■ Extracted entries ■
-.-.-
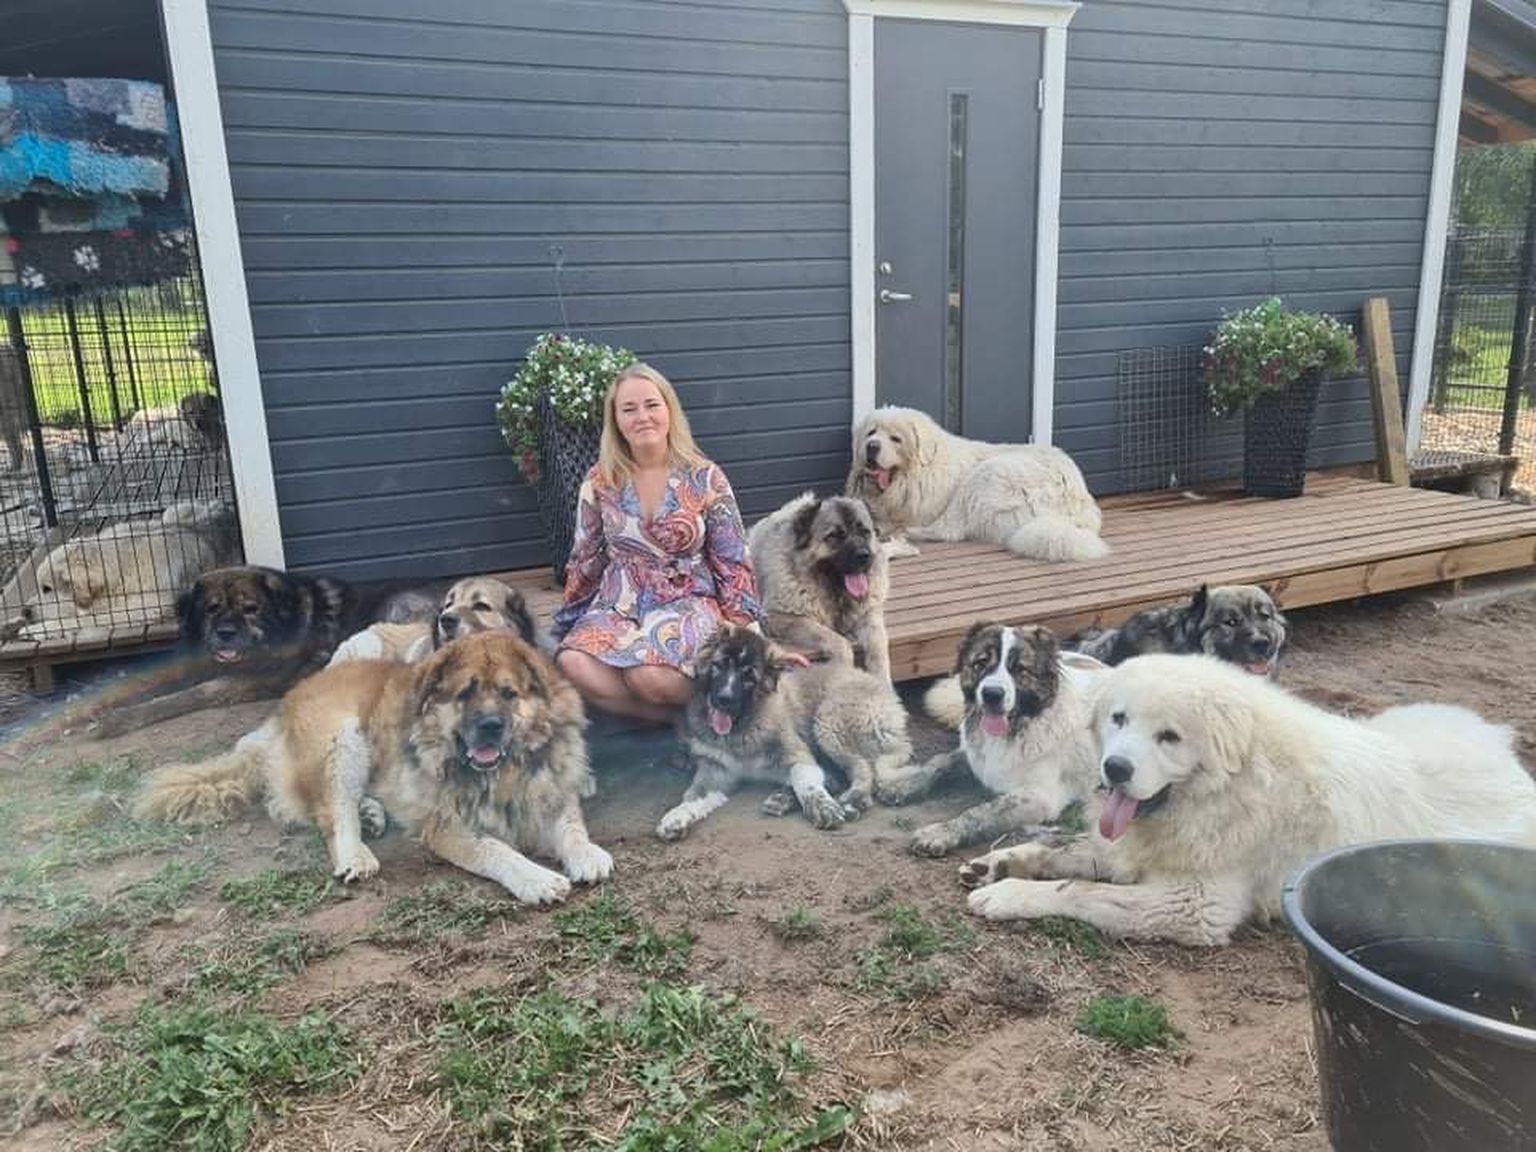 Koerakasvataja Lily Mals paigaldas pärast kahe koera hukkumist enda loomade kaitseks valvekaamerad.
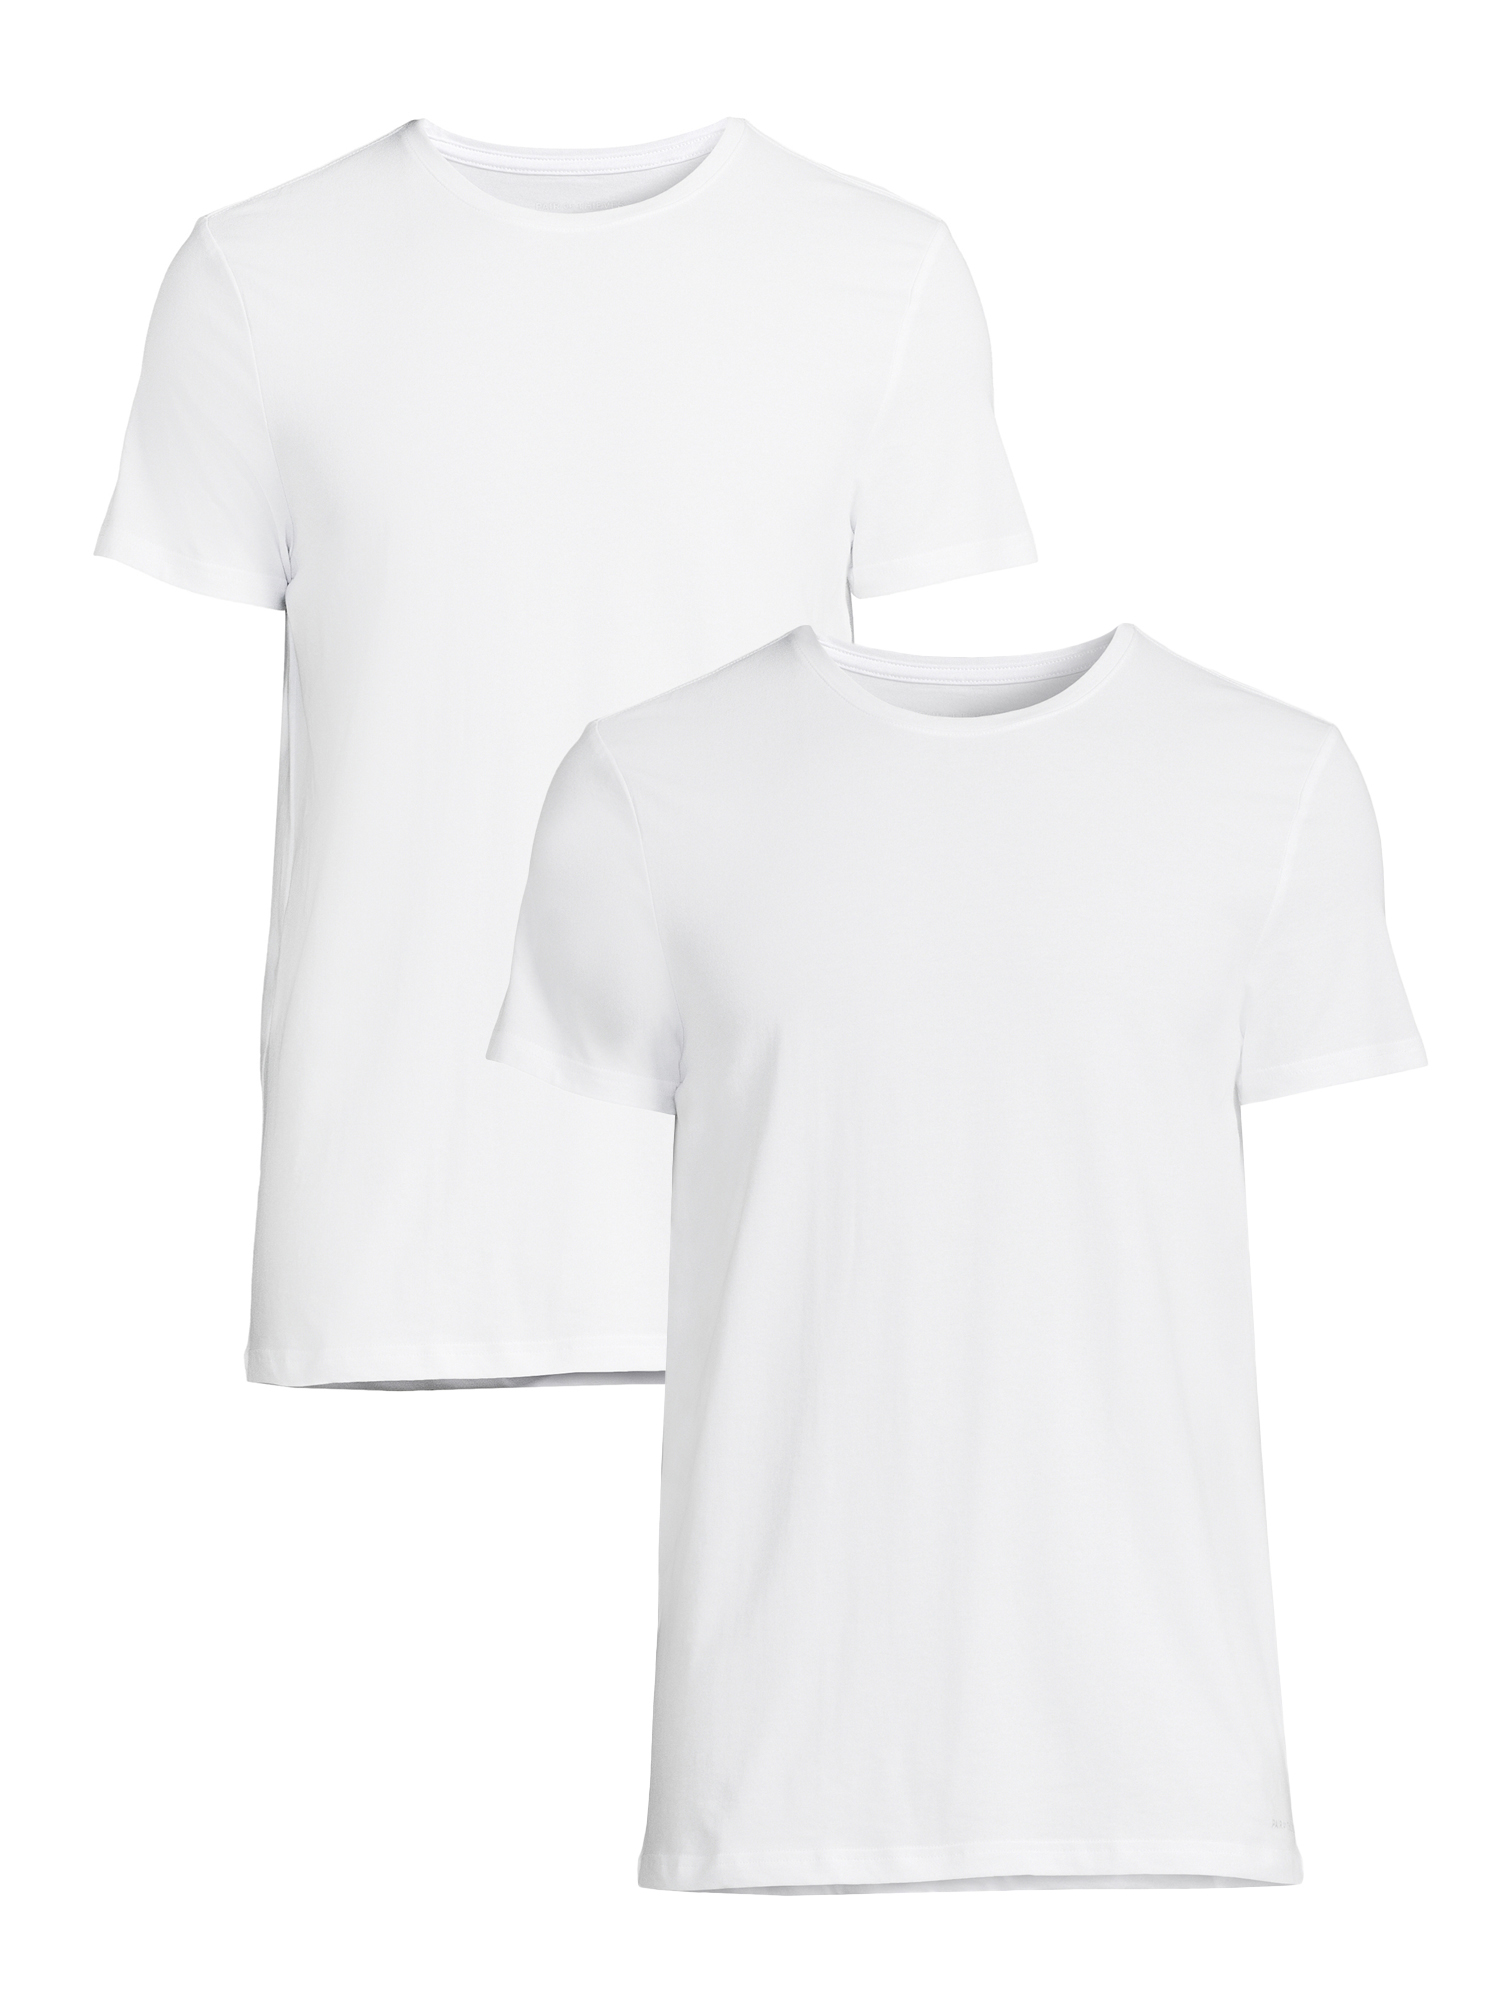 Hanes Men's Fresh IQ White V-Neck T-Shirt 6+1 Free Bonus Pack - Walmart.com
-.-.-
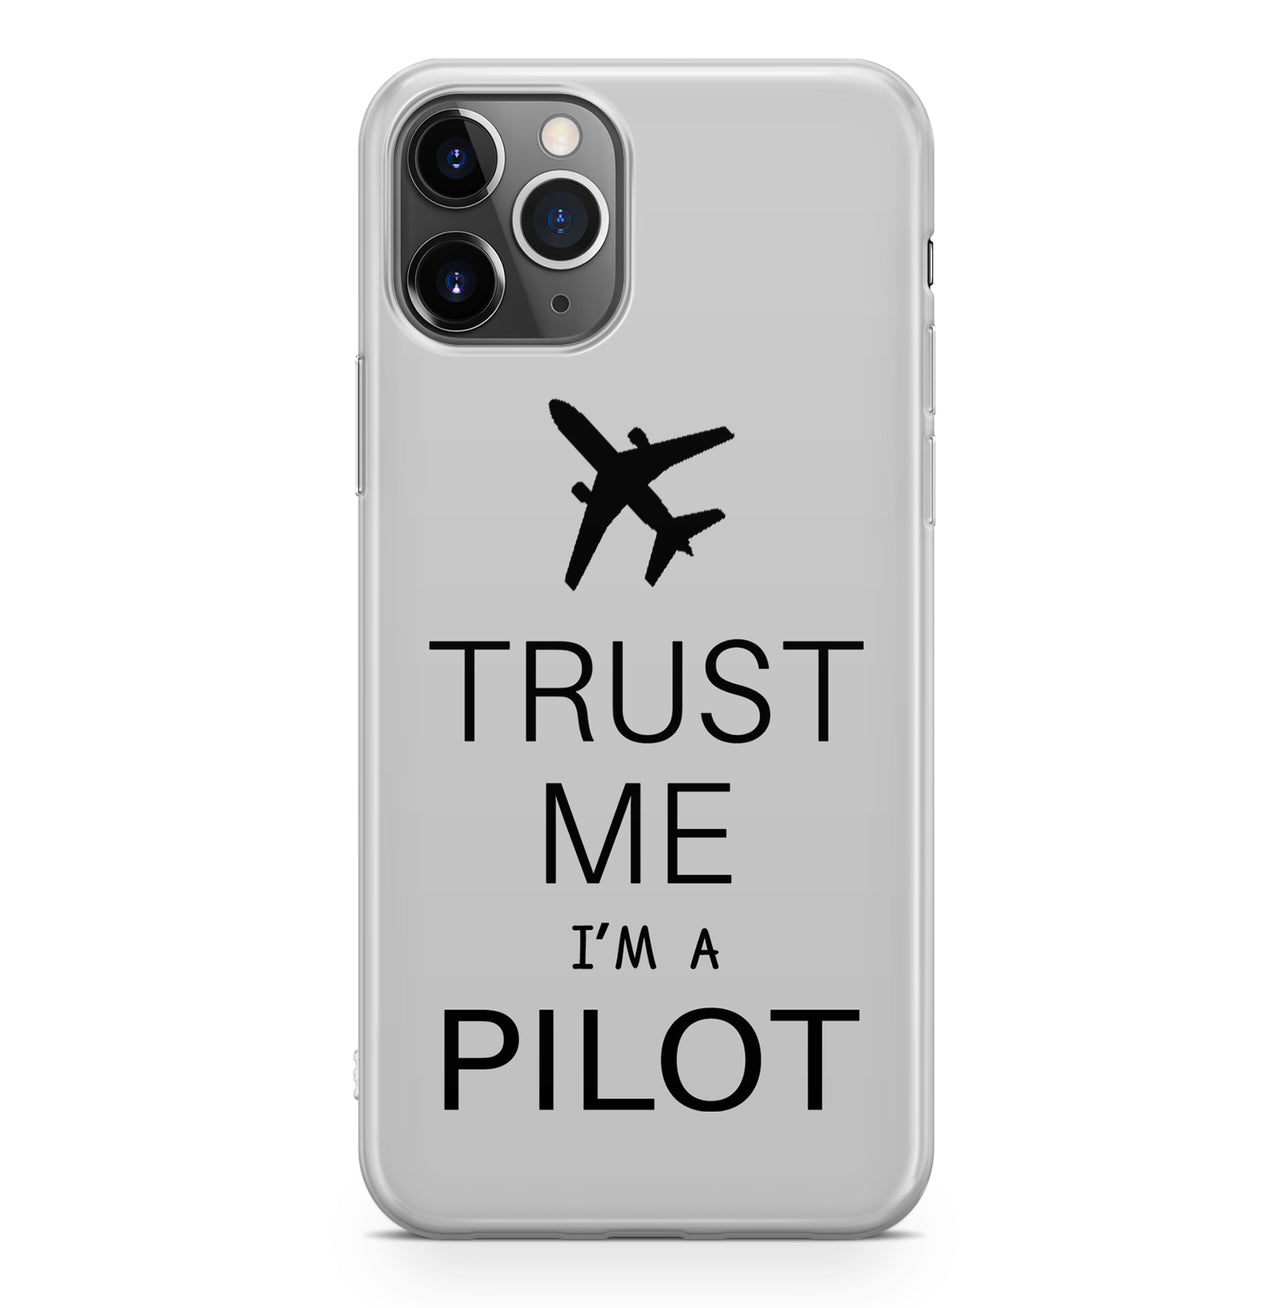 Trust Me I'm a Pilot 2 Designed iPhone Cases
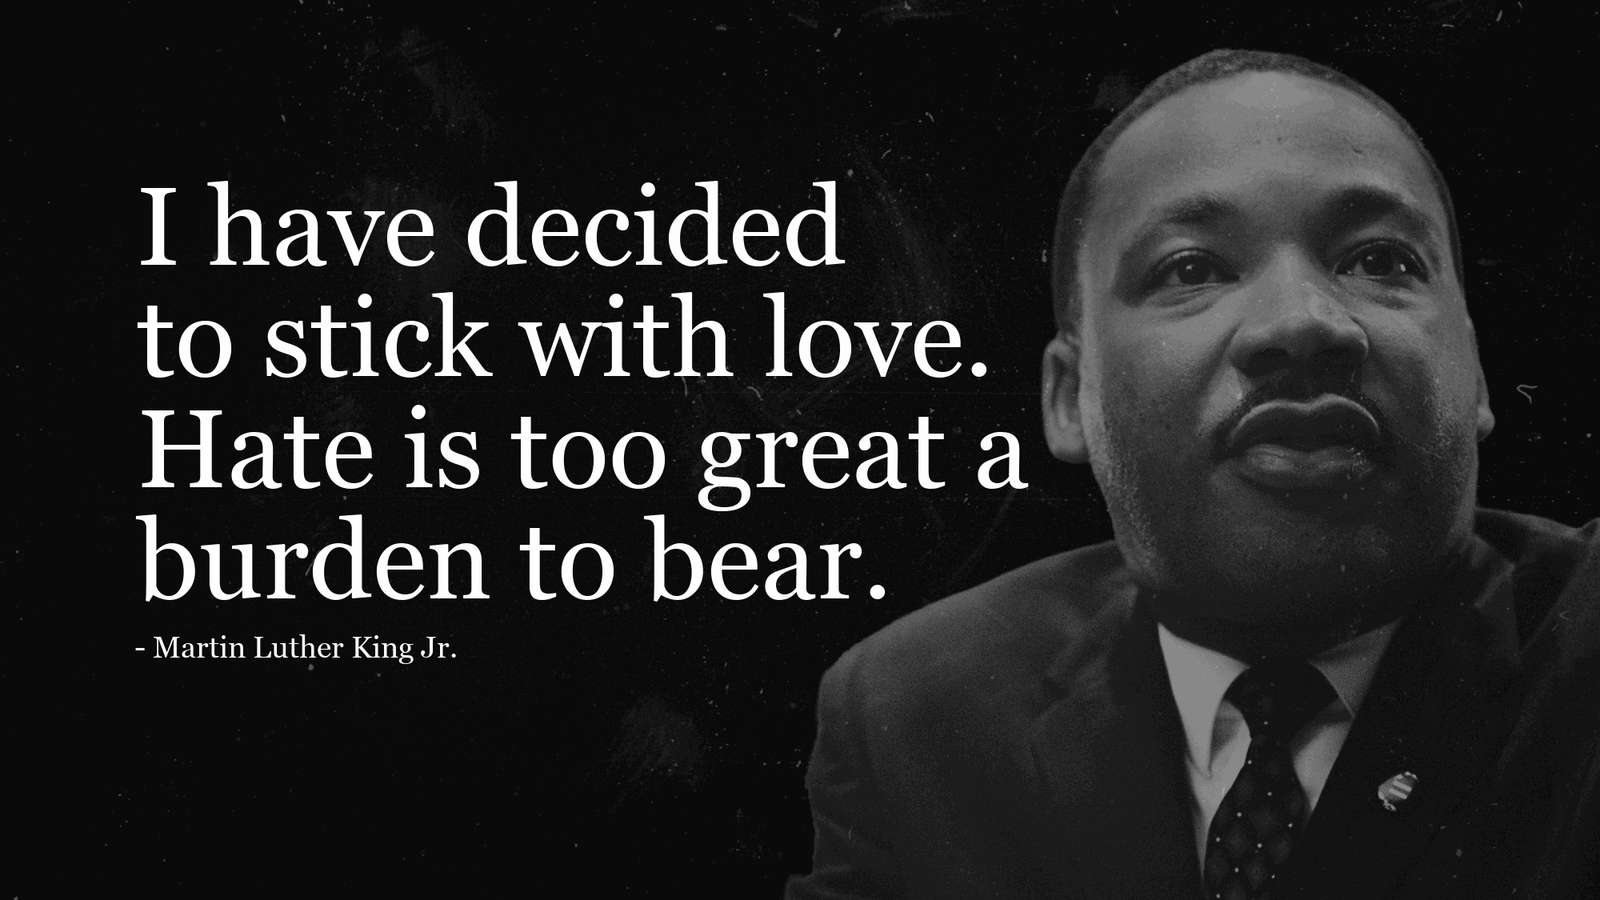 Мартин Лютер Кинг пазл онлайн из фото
-.-.-
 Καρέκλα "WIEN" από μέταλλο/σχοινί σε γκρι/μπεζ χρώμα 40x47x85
-.-.-
■ Try it ■
Everything from the line with "Koerakasvataja Lily Mals" down to the line with "Hanes Men's Fresh" in the data above should be copied exactly, with both end lines kept and the pictures left out.

■ Reply to the exercise ■
 Koerakasvataja Lily Mals paigaldas pärast kahe koera hukkumist enda loomade kaitseks valvekaamerad.
 Hanes Men's Fresh IQ White V-Neck T-Shirt 6+1 Free Bonus Pack - Walmart.com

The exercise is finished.